Tirado en un tejado, con los prismáticos en un lado, con mala cara, con los dibujos tirados, con el cielo ya teñía de azul sus colores naranjas, admiraba la forma en la que todo se mantenía en orden. La naturaleza puede, mientras nosotros, - seres superiores - racionales, no podemos sostener más de dos problemas en el aire para analizar sus salidas. 

Llegó la noche y mi subconsciente, inquieto por la llegada de los tres seres, no dejó que me durmiera de todo. Pasé las primeras horas de la noche con el ojo entreabierto recostado en el tejado.
Ellos ya vinieron, yo seguía ahí tirado. Noté como sus luces y sonidos me tocaban. Congelaron mi respiración e hirvieron mi sangre; supe que querían algo más.
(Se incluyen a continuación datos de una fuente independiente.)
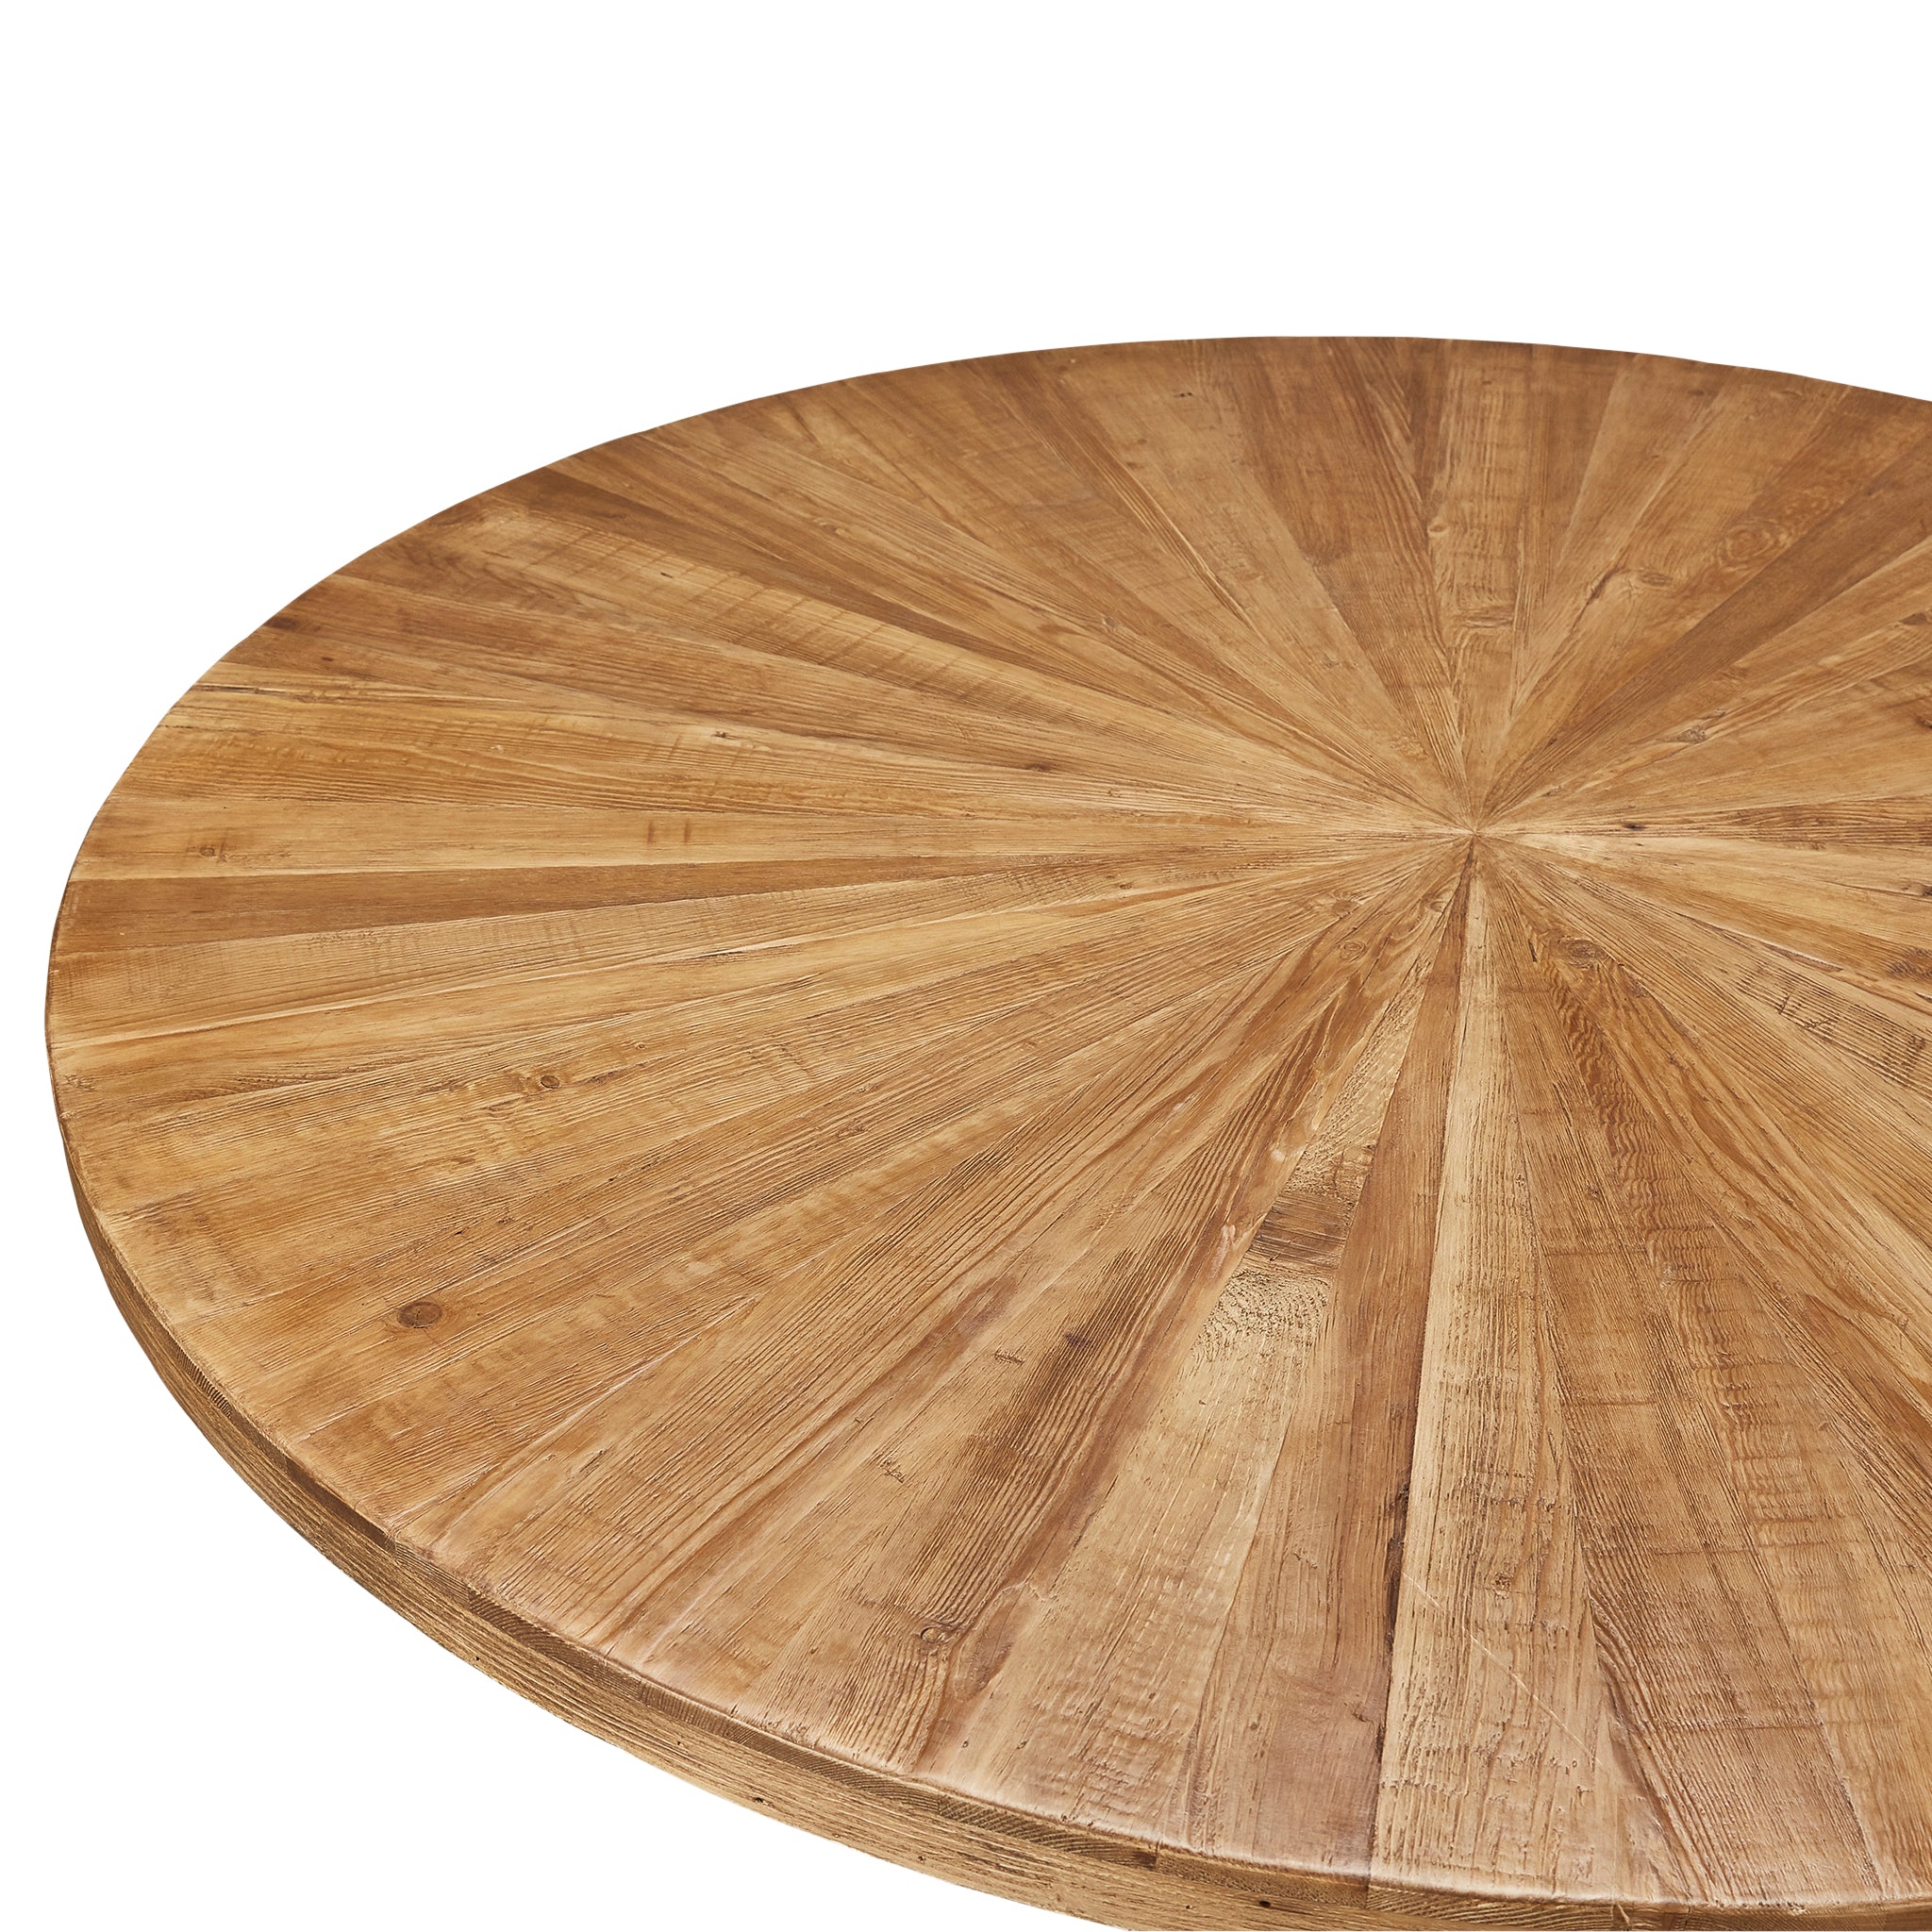 Concentric Table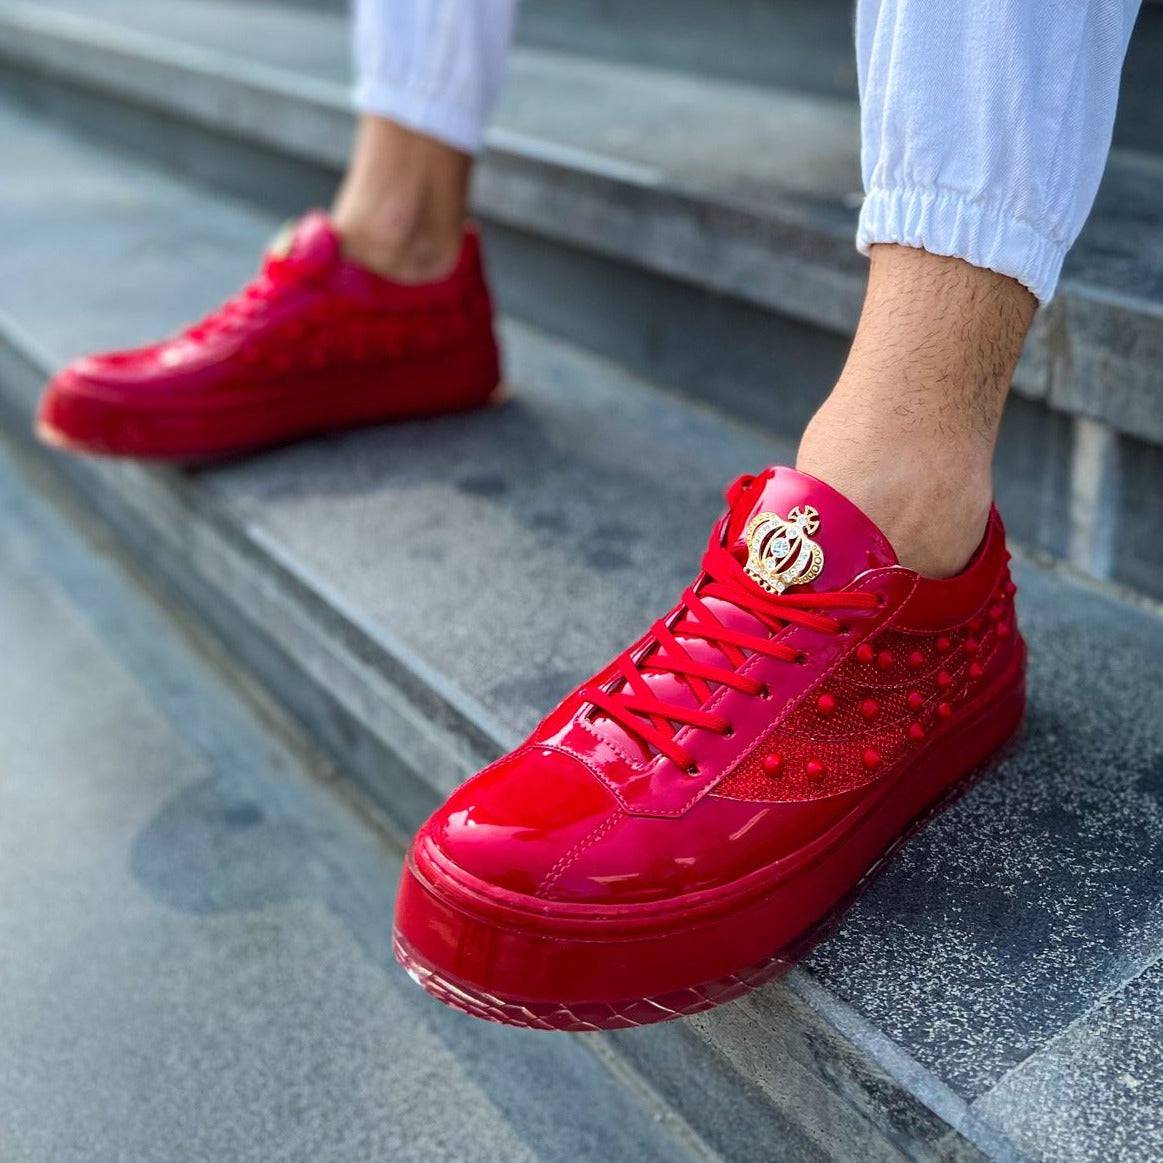 Men's Royal X Low Top in All Red

Alguien que es capaz de alterar tu cuerpo es digno de respetar, así que tuve que exprimir al límite mis capacidades. Traté de entender su extraño lenguaje, dibujado en el viento con formas e impreso en árboles con llagas de resina.

Sus triángulos y aquellos símbolos parecidos a estrellas indicaban que querían algo de mí. Sus danzas y las estelas que producían me guiaron hacia todos los sitios donde yo contemplaba la cima. Con una agitación preocupante subía a las torres, las copas de los árboles y a los tejados para enseñarles todos los puntos de vista y los trucos. 
Cuando les presté mis prismáticos con los que veía la cima, los rompieron. Sus manos no estaban hechas para esos inventos. Calcinaron mis dibujos, y mis alaridos agonizantes de clemencia para que pararan su juego, les alteraron hasta el punto de llegar a congelar los animales y romperlos en mil pedazos de hielo. 
Enfadados me miraron, me chillaron y sus dibujos en el aire eran más punzantes, eran diálogos más afilados, me golpearon y unas sonrisas burlonas brotaron de sus caras; parecían puramente humanos - puramente niños - a los que no les gustaba lo que veían. 

Me levanté del suelo, con las mejillas llenas de llagas; marcadas con rojo y un blanco tan brillante que iluminaba mi camino. Corriendo los perseguí; sabía que estaban subiendo por el monte, sus luces me lo indicaban.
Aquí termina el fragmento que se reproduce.